→ HOW TO COMPLETE THIS TASK
An exact, picture-free copy of the listing is required.

→ SUPPLIED MATERIAL
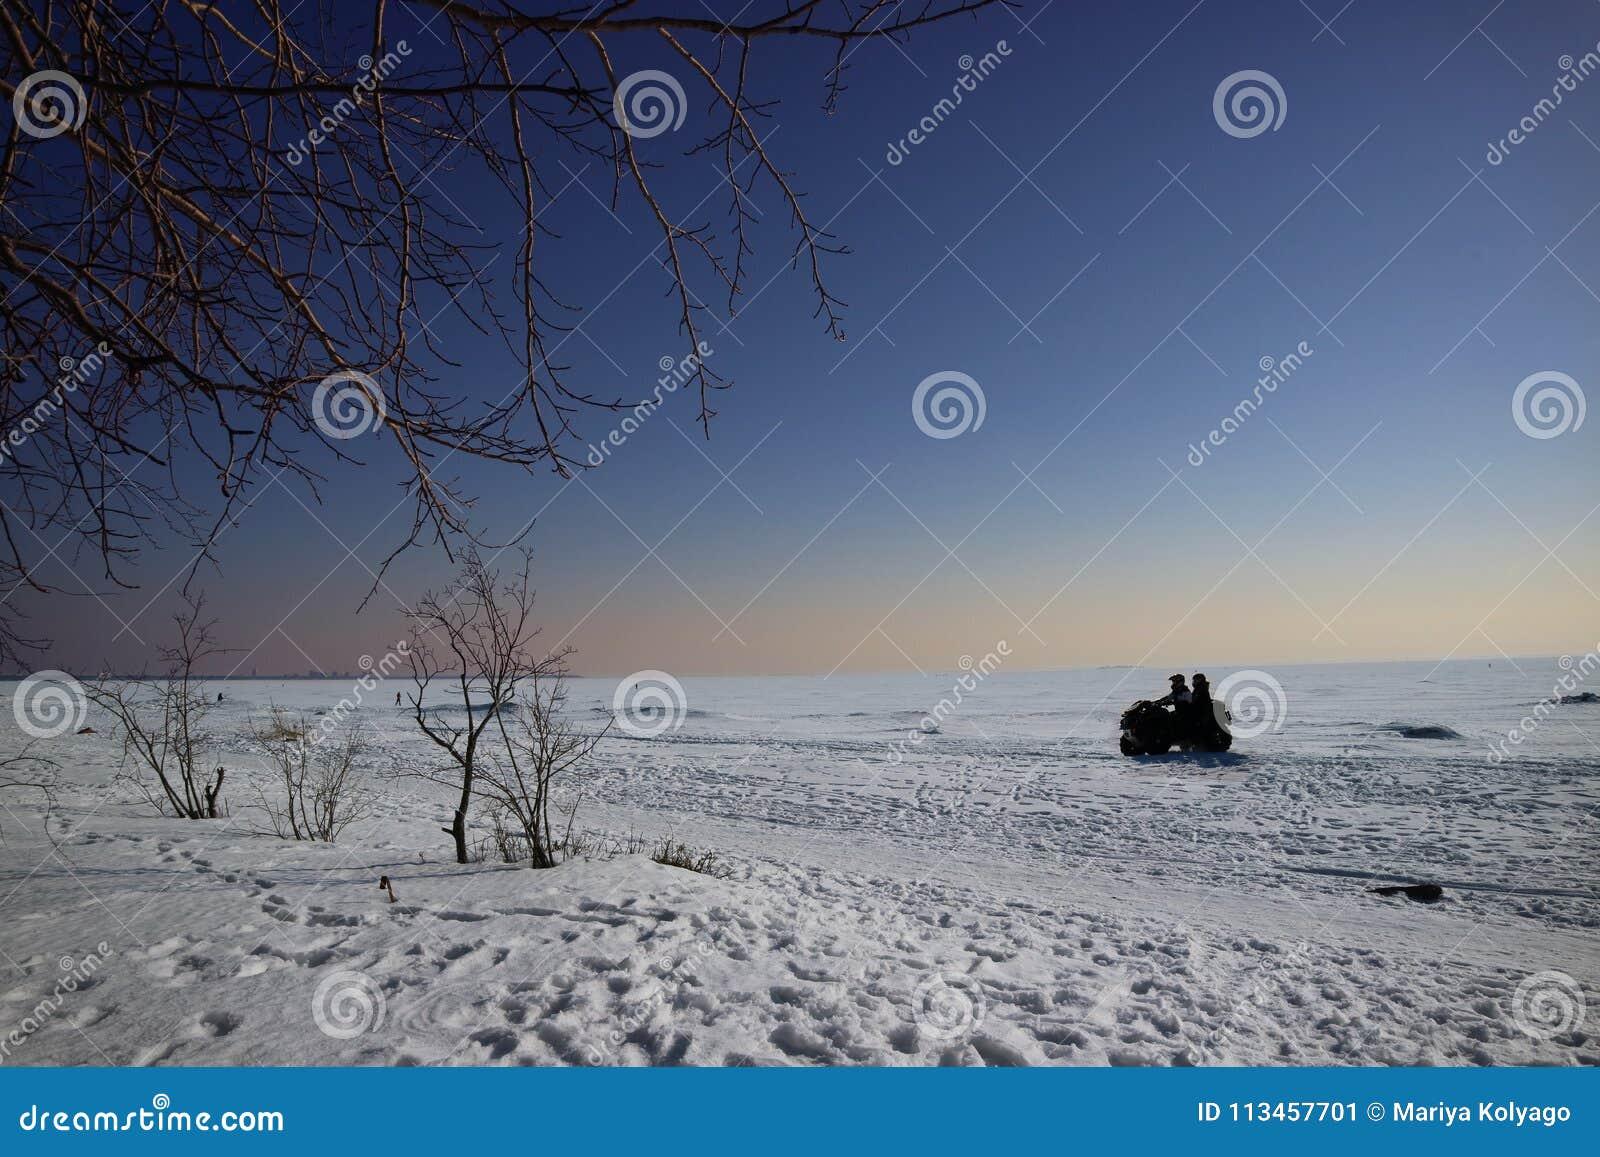 Winter trip on the ATV
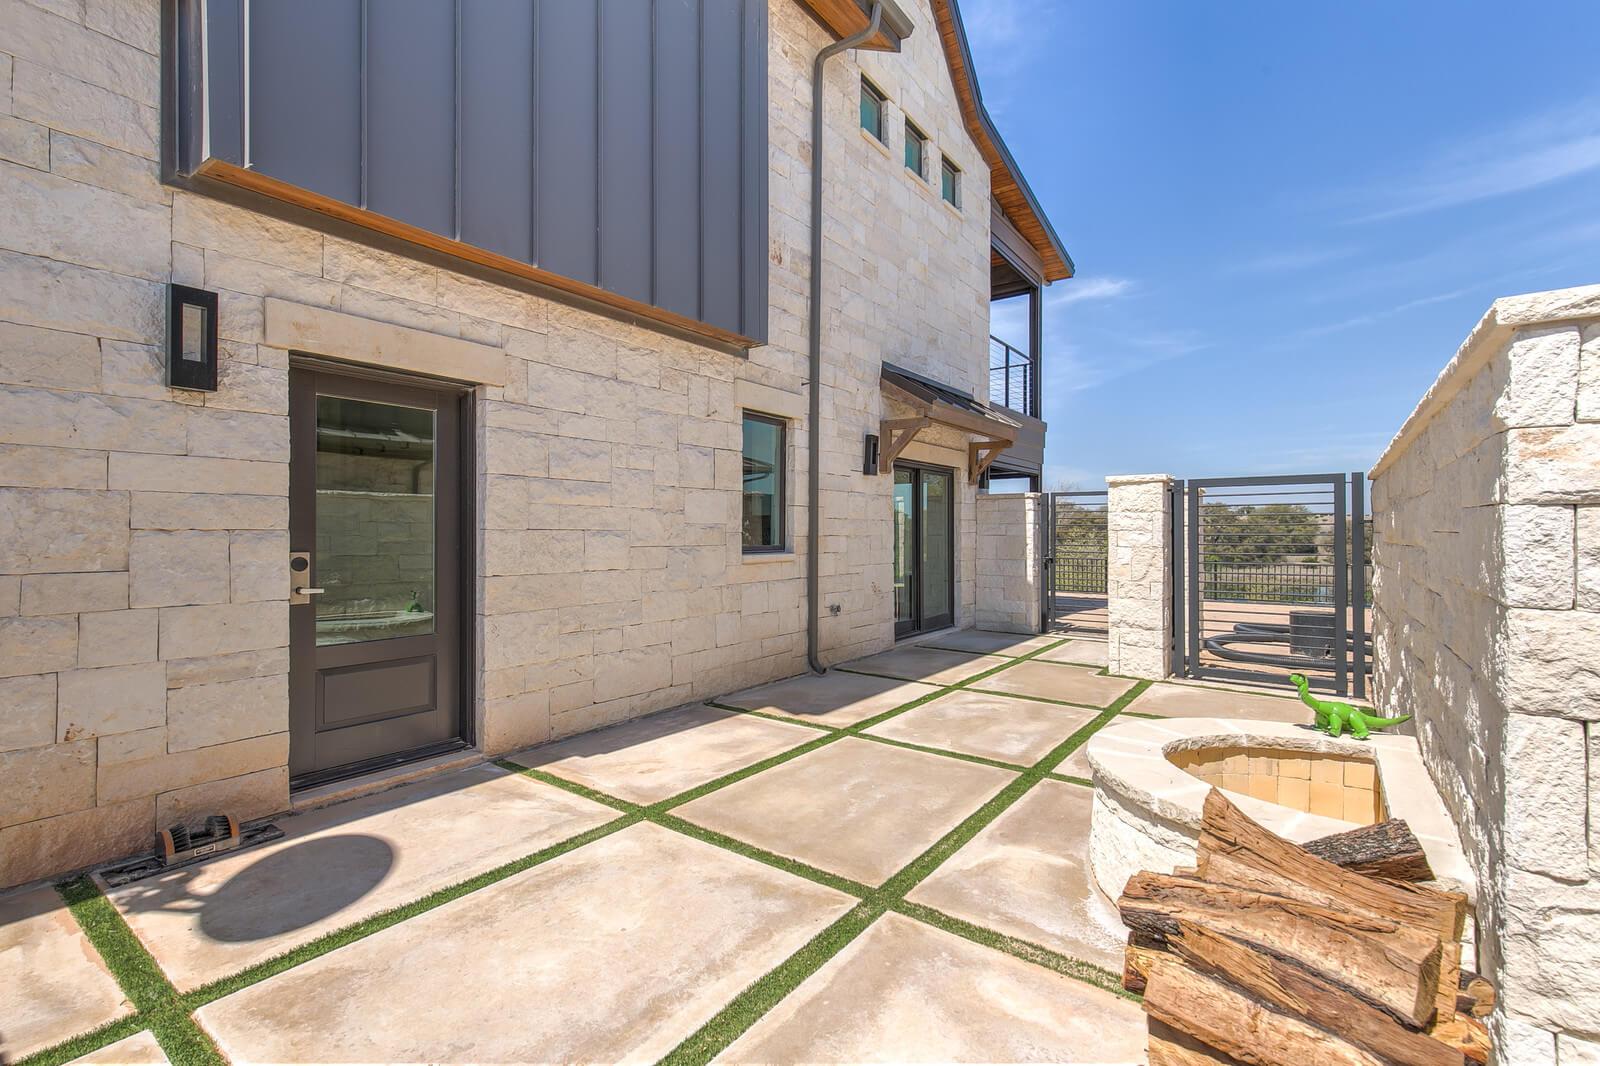 Steve-Bumpas-Custom-Homes-The-Residences-at-Rough-Creek-Lodge-Beck-101.jpg
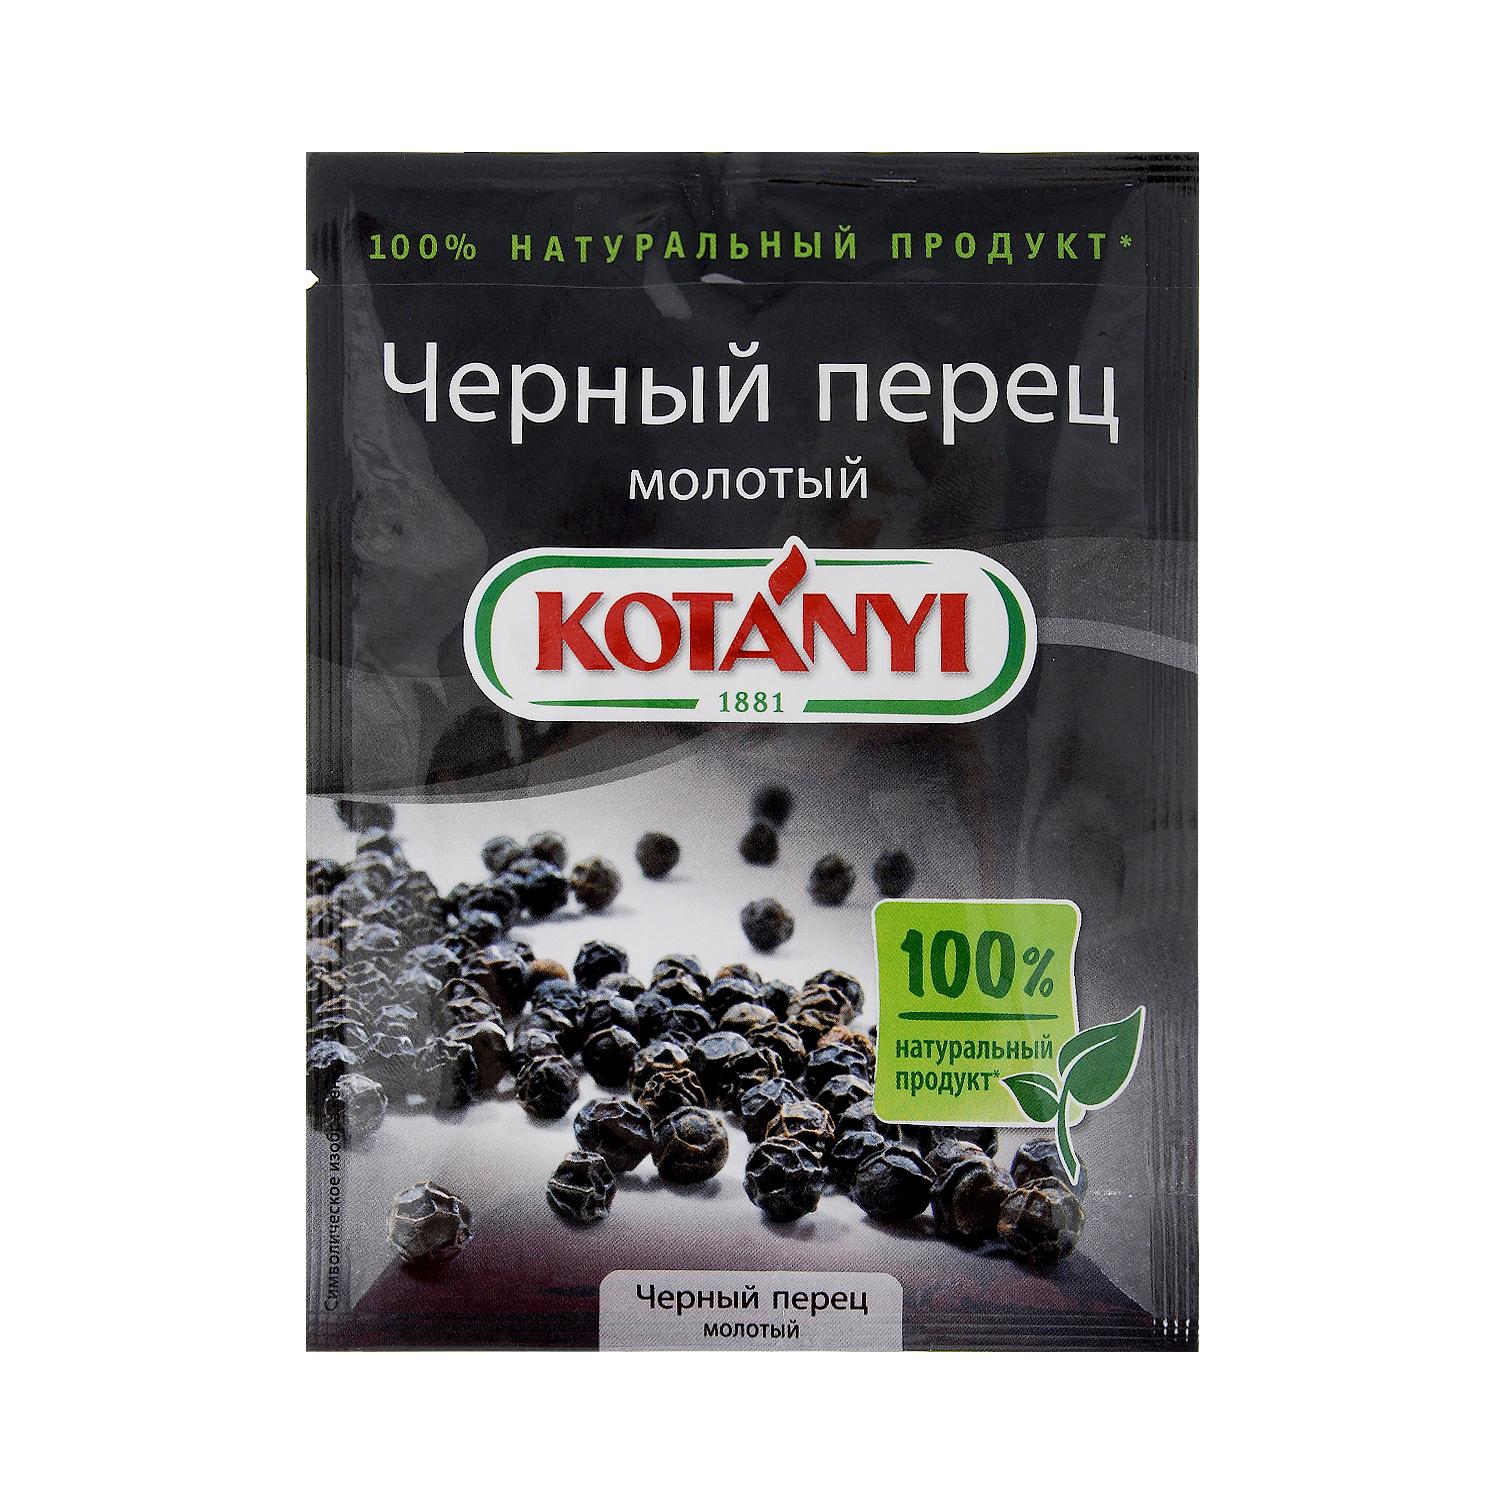 Перец черный молотый Kotanyi 20 г перец черный горошек kotanyi 36 г

→ SOLUTION FOR THIS PROBLEM
 Winter trip on the ATV
 Steve-Bumpas-Custom-Homes-The-Residences-at-Rough-Creek-Lodge-Beck-101.jpg
 Перец черный молотый Kotanyi 20 г перец черный горошек kotanyi 36 г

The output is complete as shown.